Given information:
____________
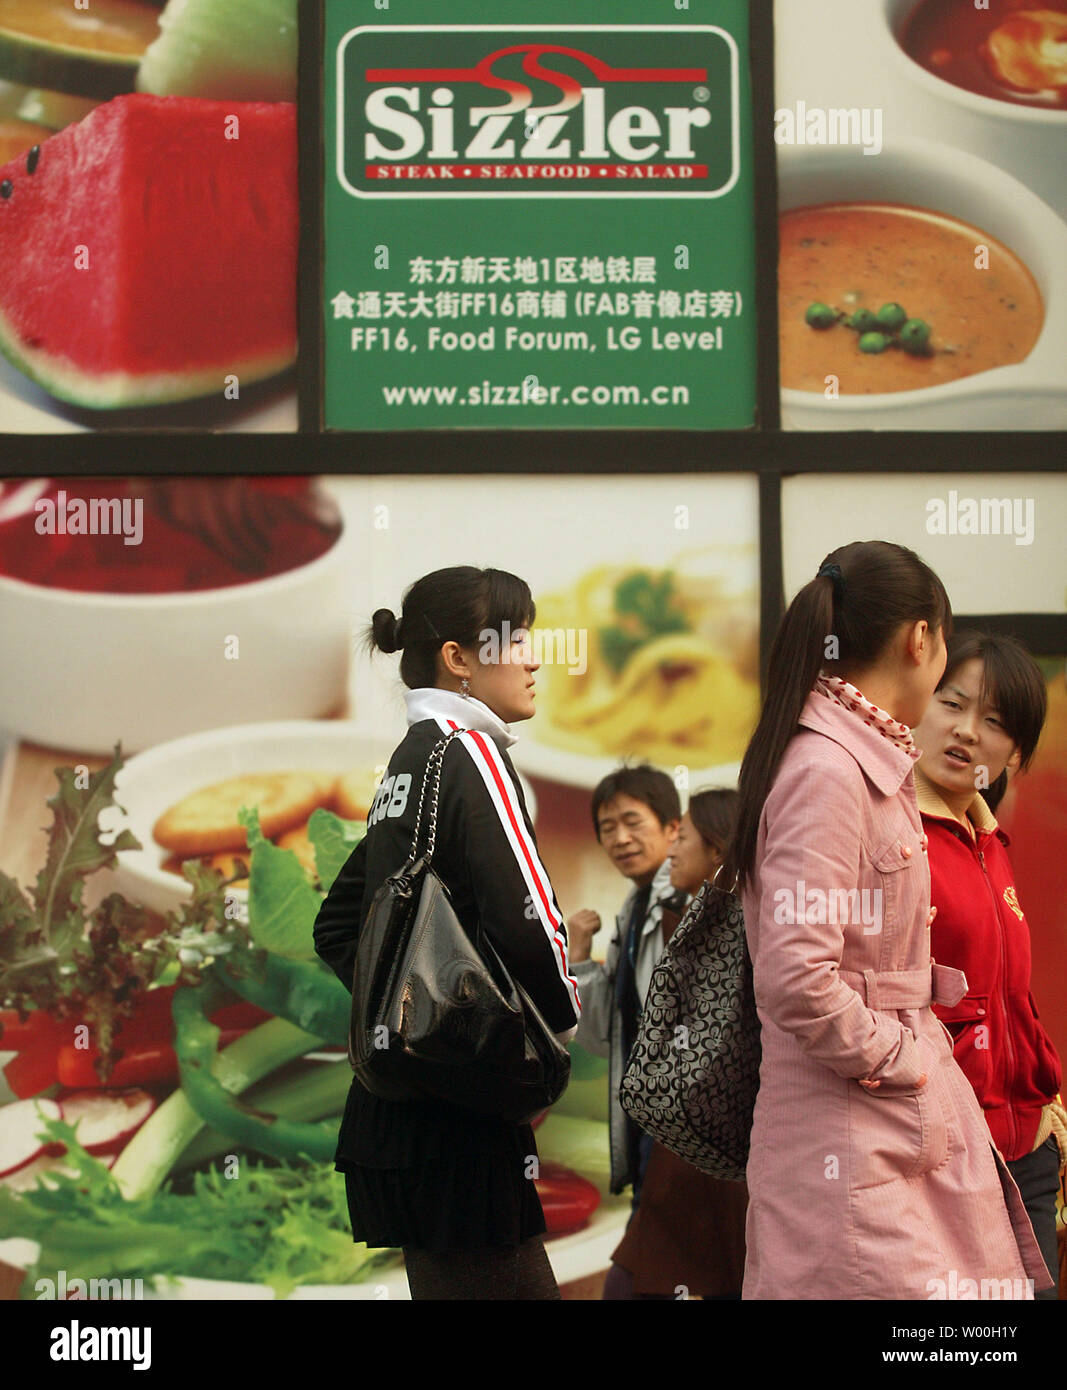 Chinesische Fußgänger vorbei ein U.S.-basierter Sizzler Franchise in der Innenstadt von Peking, China, am 14. November 2007. Sizzler hat in die Reihen der amerikanischen Ikonen wie McDonalds, Pizza Hut und Kentucky Fried Chicken, das eine starke Präsenz in China gegründet haben. (UPI Foto/Stephen Rasierer) Stockfoto
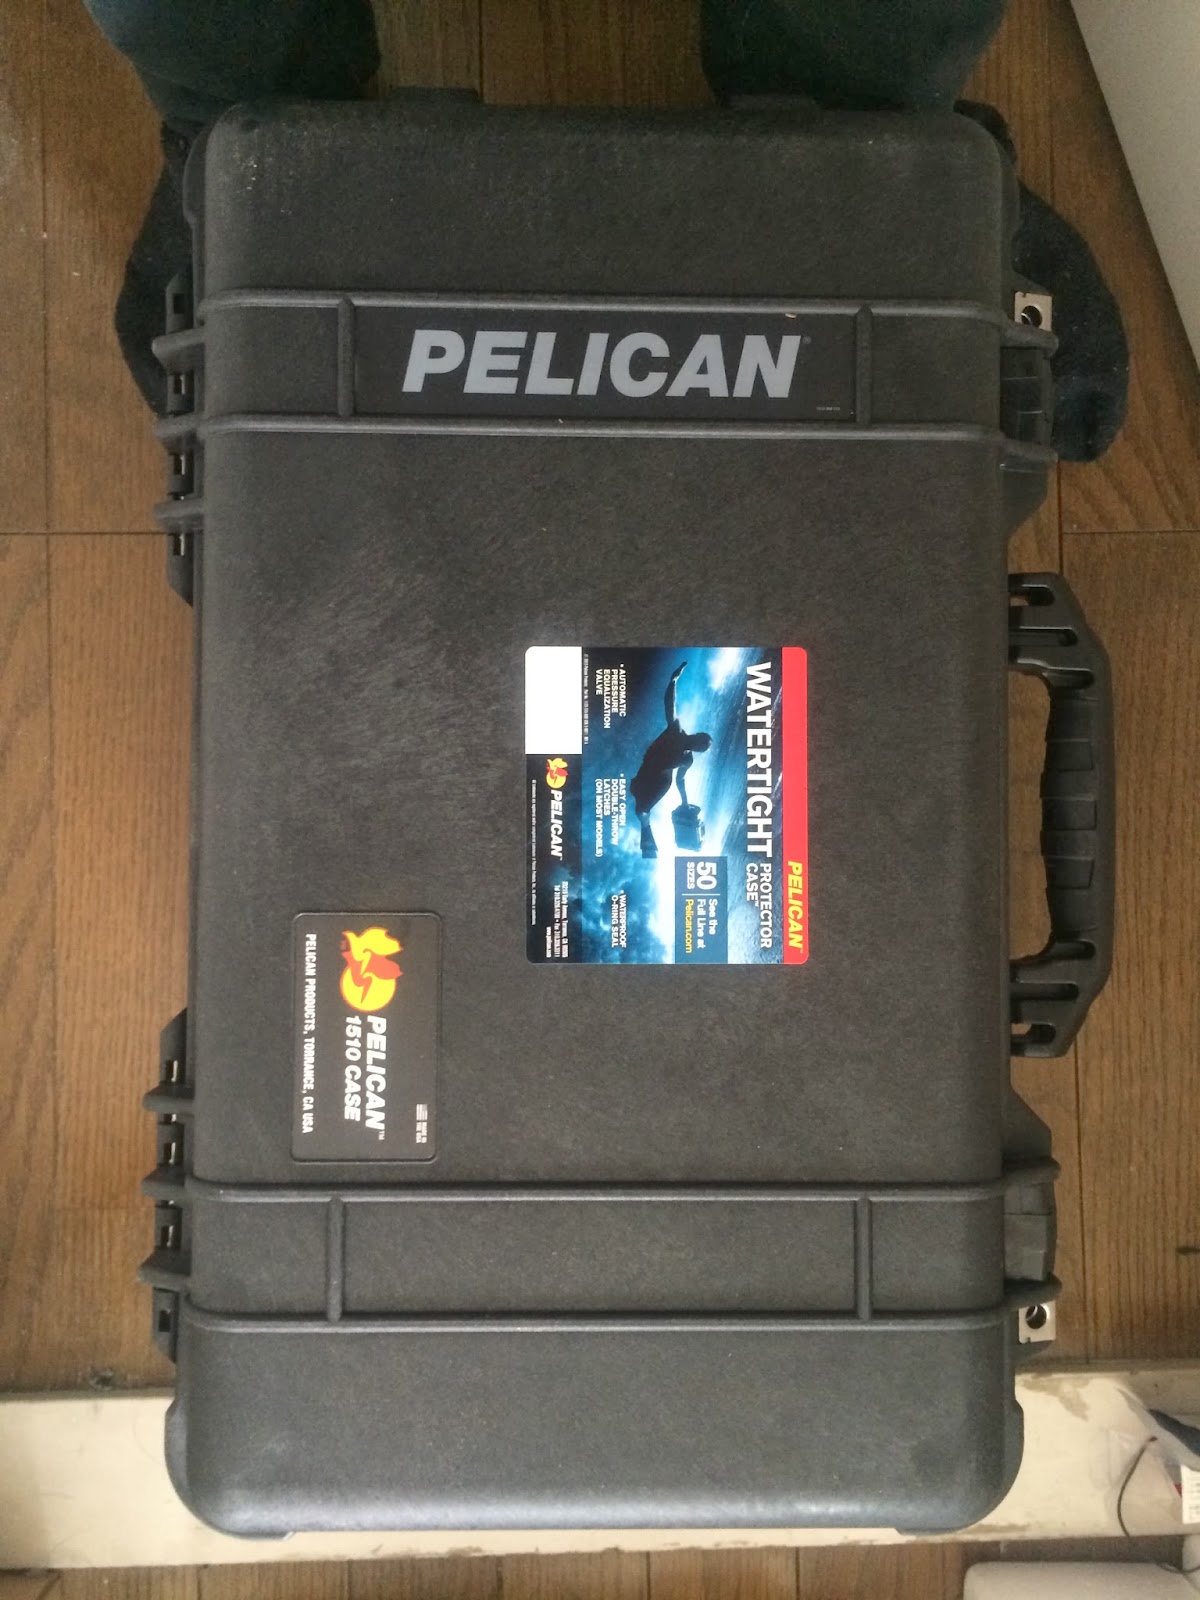 ちょっとSE的な生活を送る人のブログ: ペリカンケース1510にオーガナイザー装着 [pelican PC-1510]
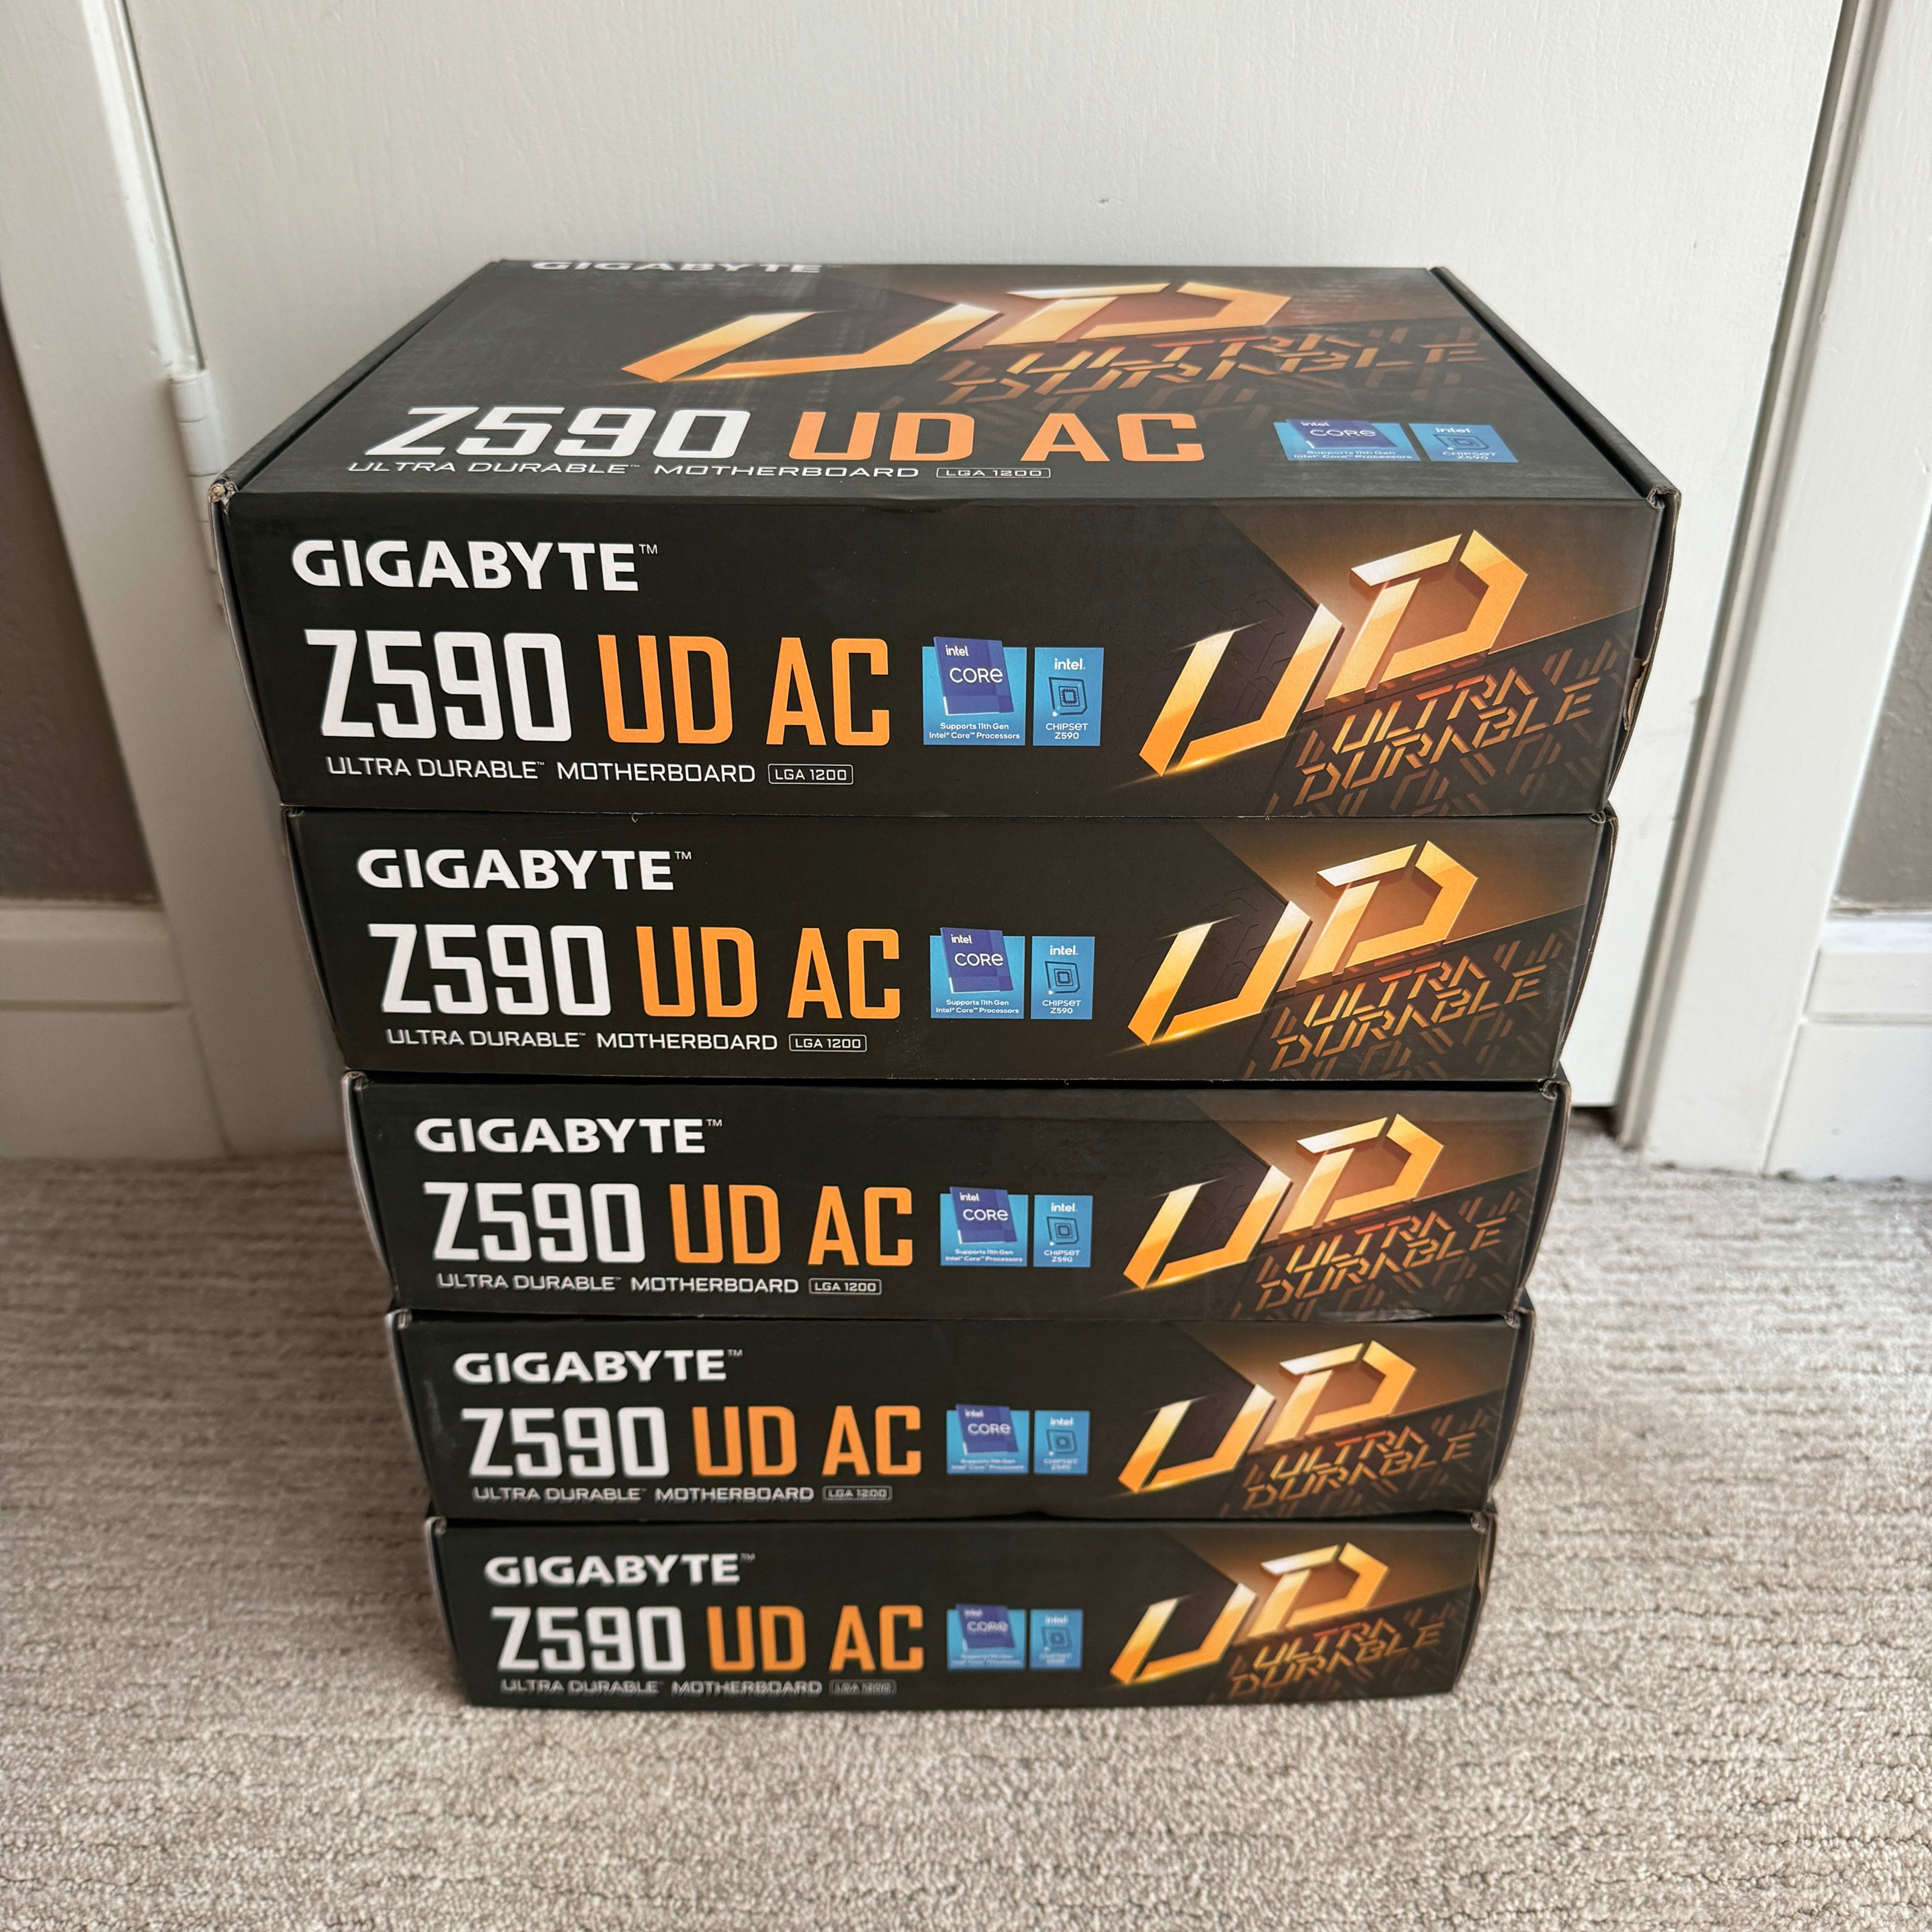 [5] Z590 UD AC LGA1200 Gigabyte Motherboards
____________
Work order:
The answer should be the full material above, printed exactly, with no pictures in it.

Solution to the exercise:
 Chinesische Fußgänger vorbei ein U.S.-basierter Sizzler Franchise in der Innenstadt von Peking, China, am 14. November 2007. Sizzler hat in die Reihen der amerikanischen Ikonen wie McDonalds, Pizza Hut und Kentucky Fried Chicken, das eine starke Präsenz in China gegründet haben. (UPI Foto/Stephen Rasierer) Stockfoto
 ちょっとSE的な生活を送る人のブログ: ペリカンケース1510にオーガナイザー装着 [pelican PC-1510]
 [5] Z590 UD AC LGA1200 Gigabyte Motherboards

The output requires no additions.